NZ Newswire logoNZ Newswire 22/09/2016 Edwin Mitson

Shares of Trilogy International, which have almost tripled in the past 12 months, dropped to a three-month low after the skincare and home fragrance company raised its full-year sales guidance for a second time, suggesting investors were hoping for even better news at Thursday's annual meeting in Auckland.

The stock dropped 14 per cent to $4.01, and earlier sank as much as 18 per cent to $3.81, trimming their gain in the past 12 months to 47 per cent.

Daniel Metcalfe, senior investment advisor at OMF in Auckland was sceptical about the sell-off.

"I think it's a bit of profit-taking. The guidance they've given seems pretty bullish to me," he said.

"They're raising the bar yet again. But then again, they've had such fundamental growth over the last two years, perhaps investors expected more."

The company told shareholders at their annual meeting in Auckland that it expects 2017 revenue of $100 million to $110m, a gain of between 20 per cent and 32 per cent over 2016's $83m of sales.

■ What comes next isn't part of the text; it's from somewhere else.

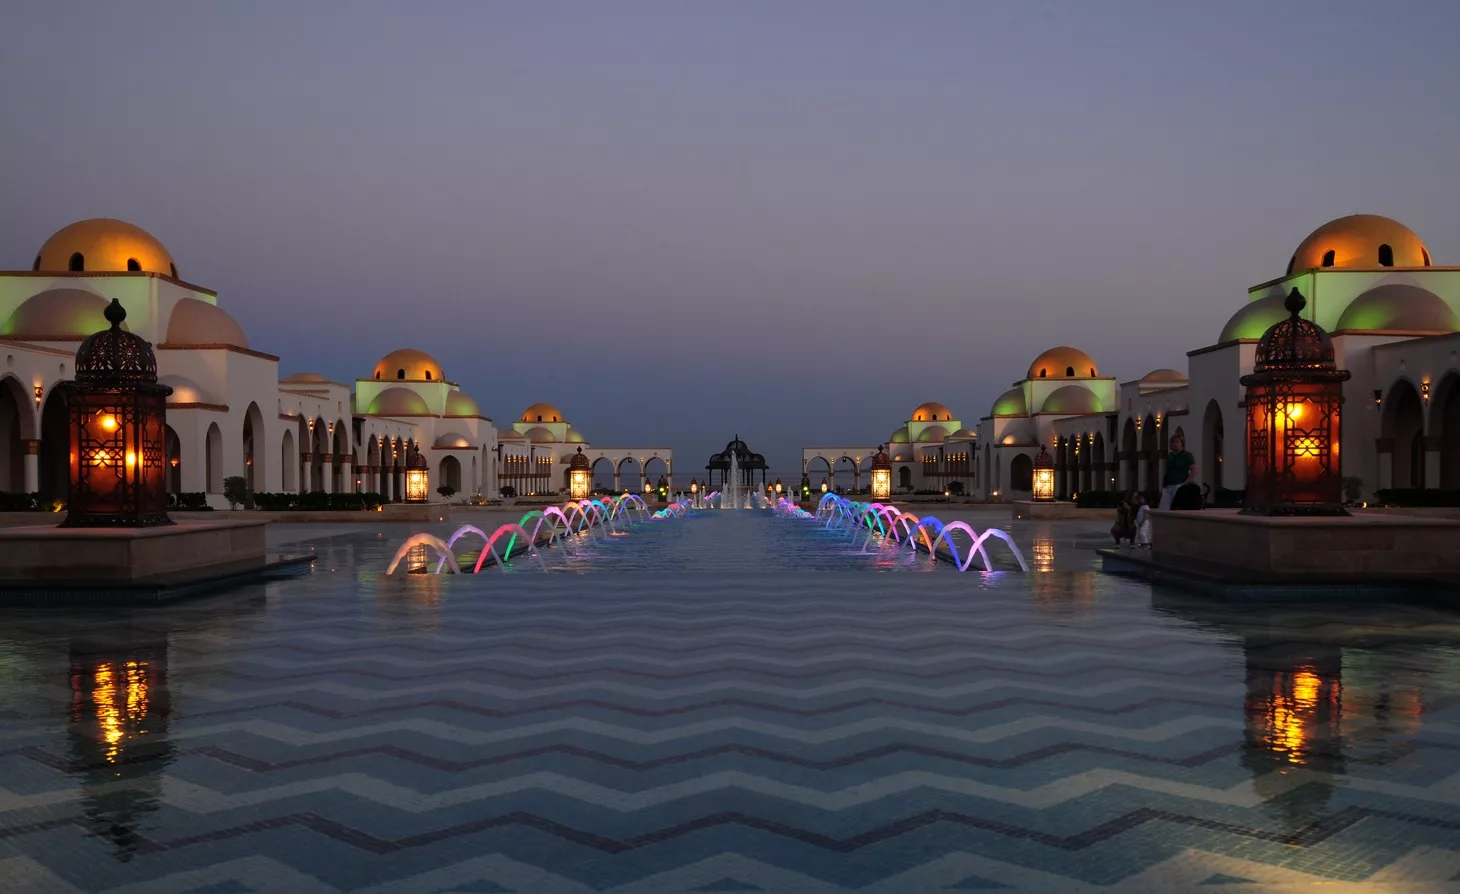 Old Town Sahl Hasheesh in Egypt, Africa | Architecture - Rated 3.8

Trilogy's brands include Ecoya candles, Trilogy and Goodness. It also owns CS & Co, the country's largest independent importer and distributor of fragrances and toiletries, which it bought in August 2015.

Earnings before interest, taxation, amortisation and depreciation are expected to be $19m to $21m, an increase of between 17 and 29 per cent. That compares with ebitda of $16.3m in the 2016 full year.

If Trilogy International achieves $100m in revenue it would have almost tripled sales in just two years, mainly through the CS & Co acquisition. CS & Co delivered $28.6m in revenue in the seven and a half months it contributed to Trilogy's FY2016.